Task details:
Reproduce word for word every line from the one containing "Logotyp Krajowego Planu" through the end of the listing below; omit the pictures.
┌─ Given data
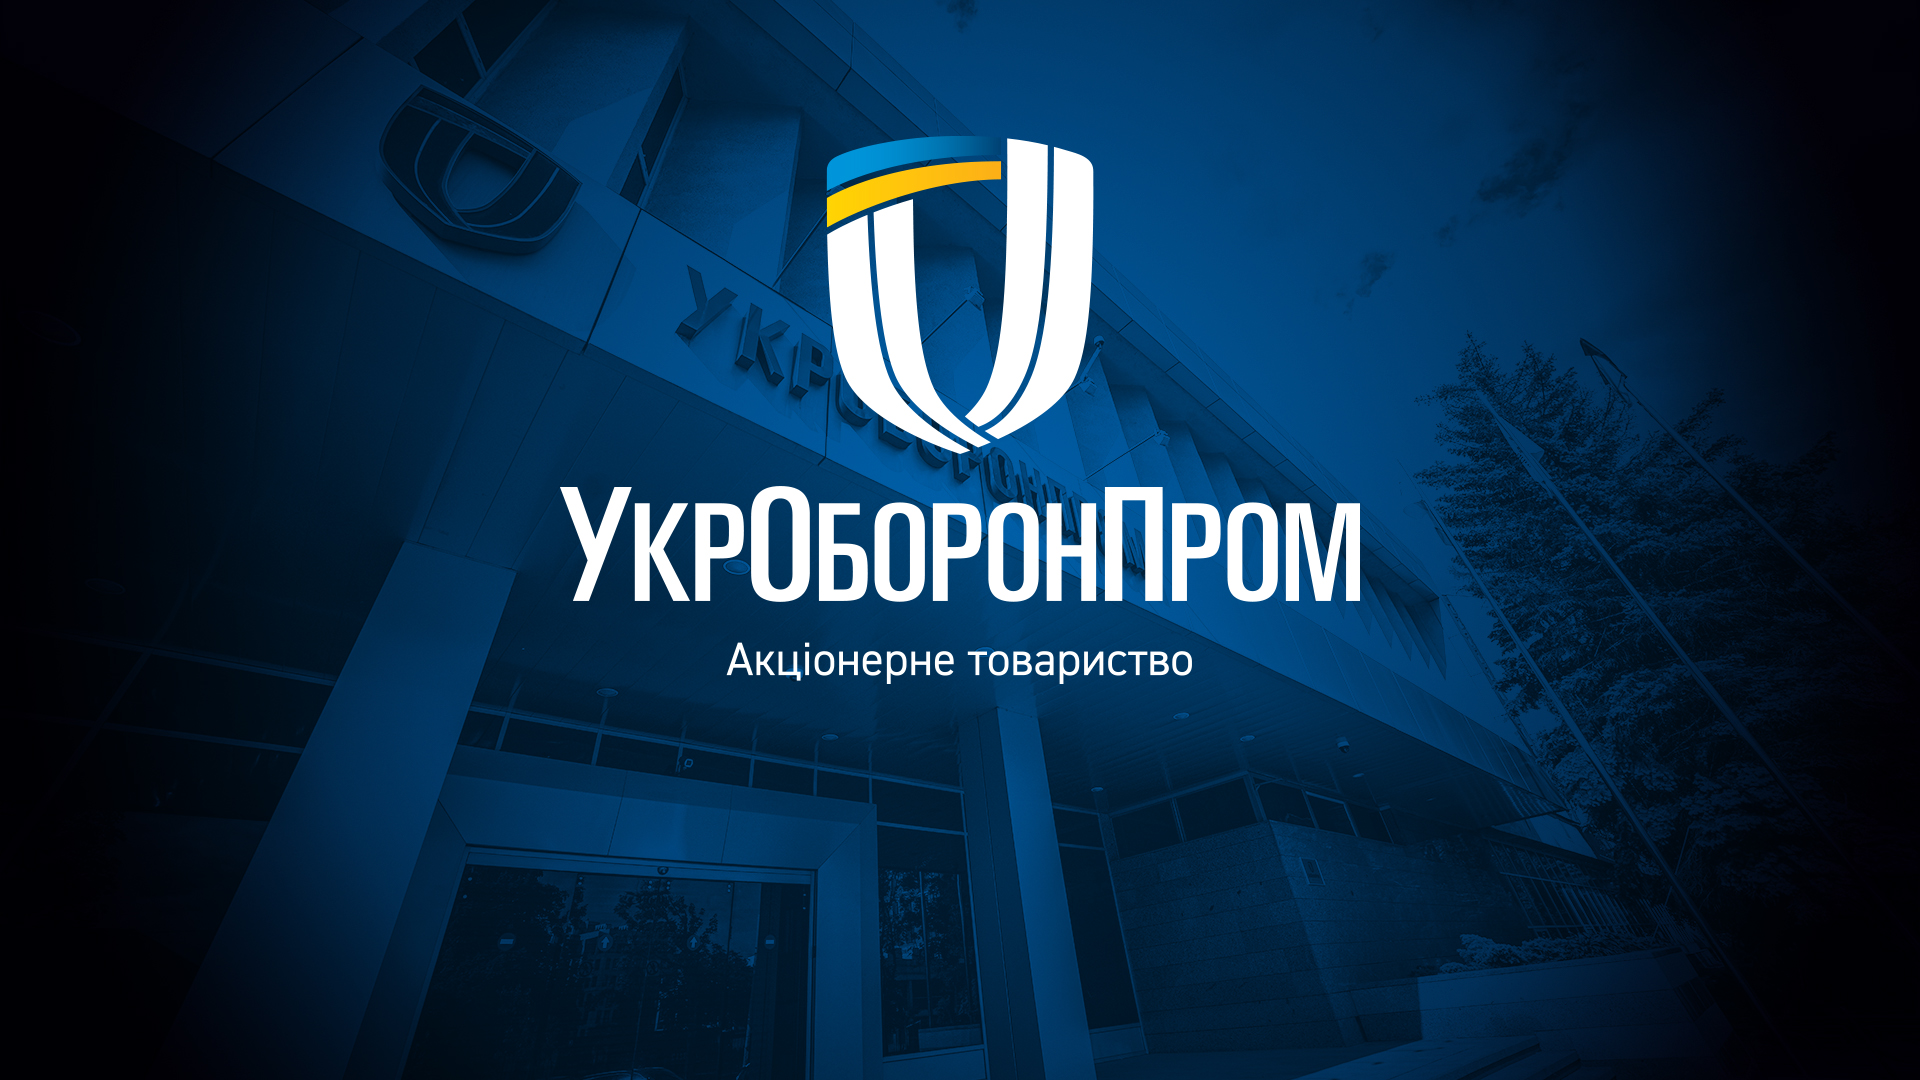 Керівники підприємств Укроборонпрому отримали державні нагороди від Президента України
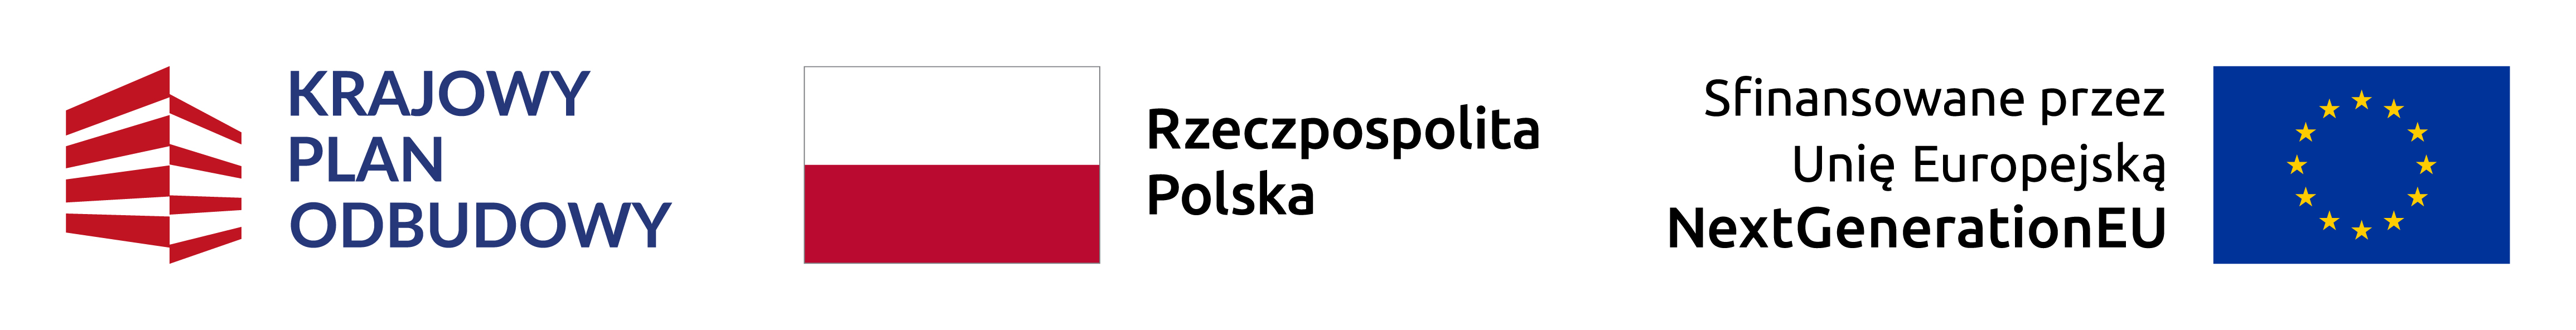 Logotyp Krajowego Planu Odbudowy, flaga Polski, flaga Unii Europejskiej z tekstem Sfinansowane przez Unię Europejską NextGenerationEU
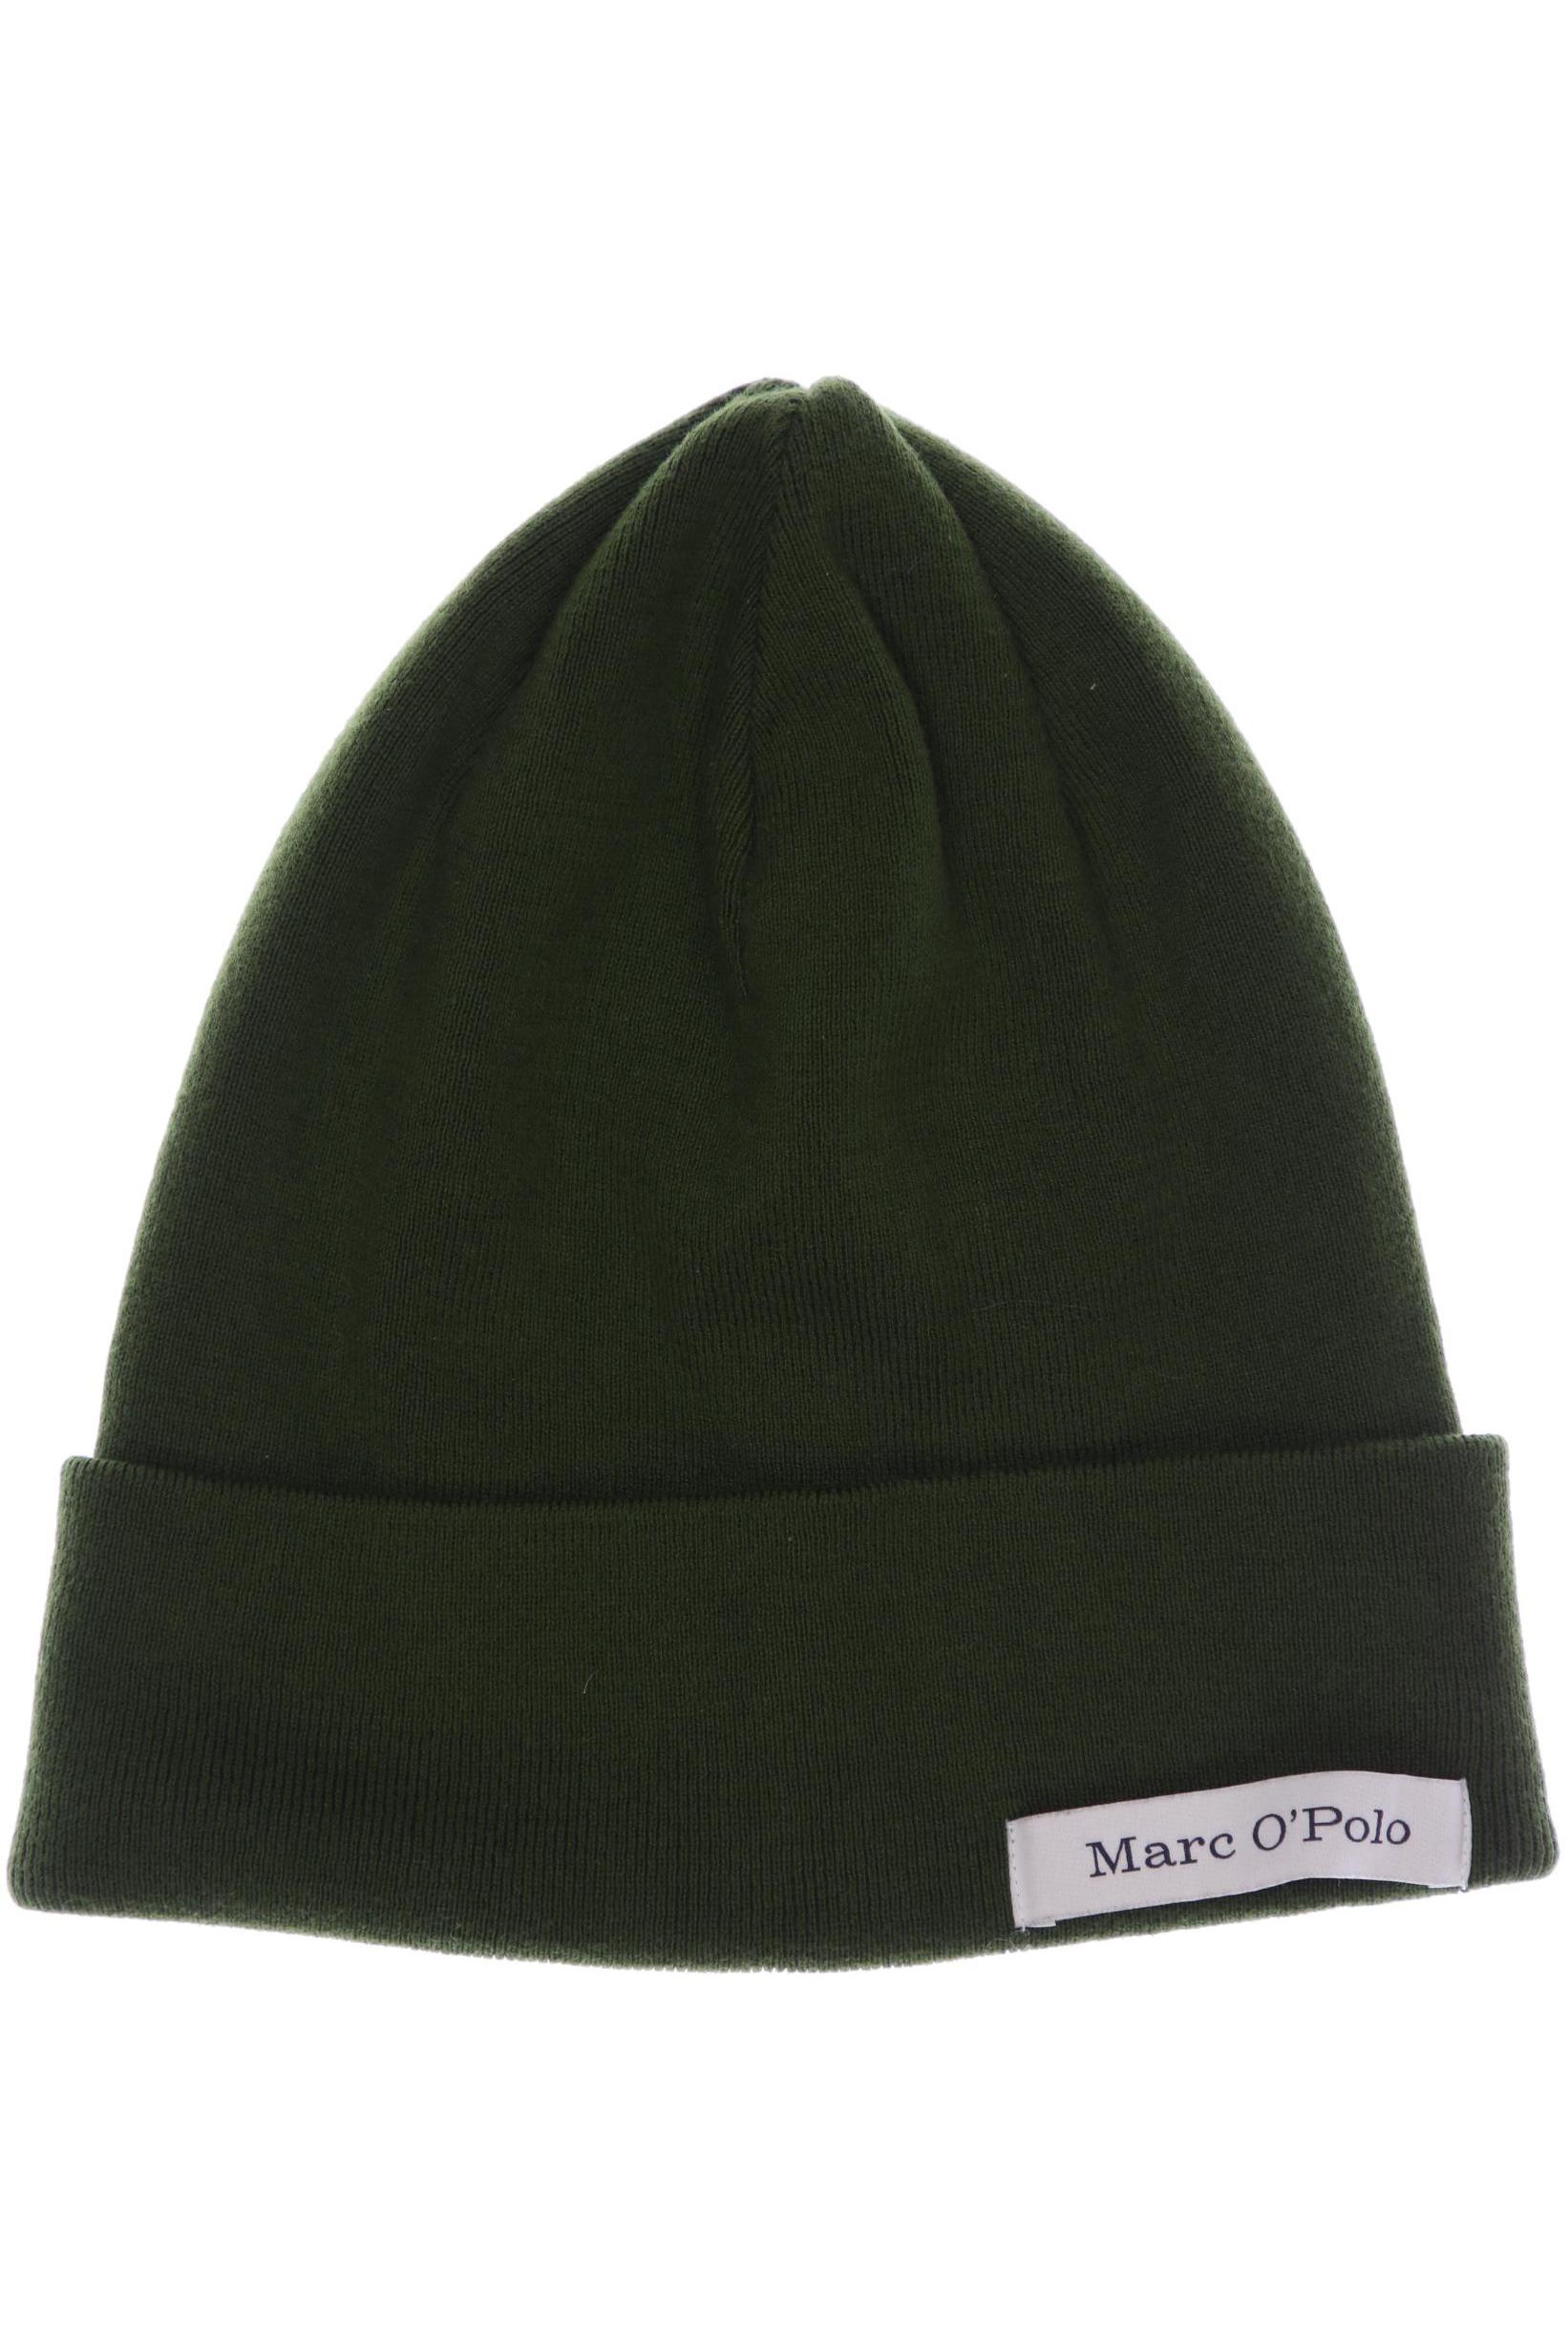 Marc O Polo Damen Hut/Mütze, grün von Marc O Polo
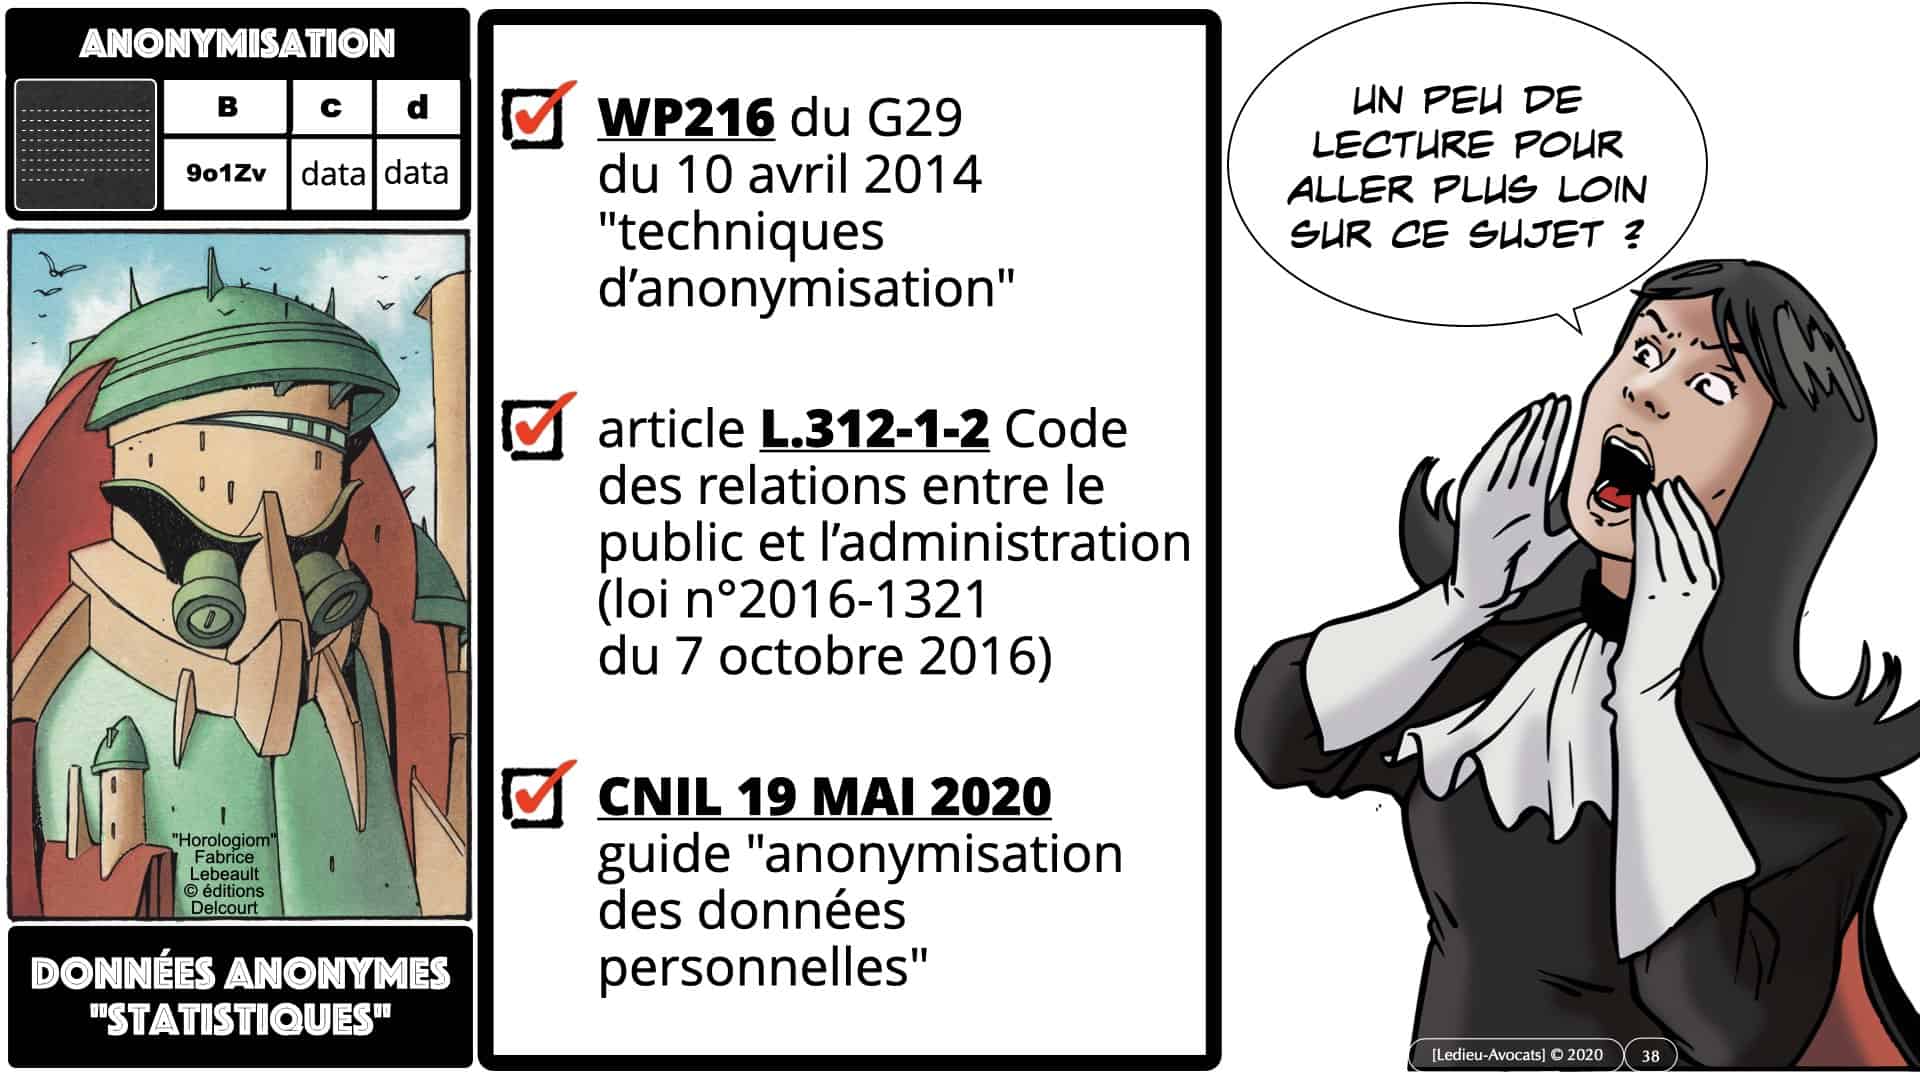 314 PRO BTP © Ledieu-avocat 03-12-2020.038
└─
Answer space:
 Logotyp Krajowego Planu Odbudowy, flaga Polski, flaga Unii Europejskiej z tekstem Sfinansowane przez Unię Europejską NextGenerationEU
 Marc O Polo Damen Hut/Mütze, grün von Marc O Polo
 314 PRO BTP © Ledieu-avocat 03-12-2020.038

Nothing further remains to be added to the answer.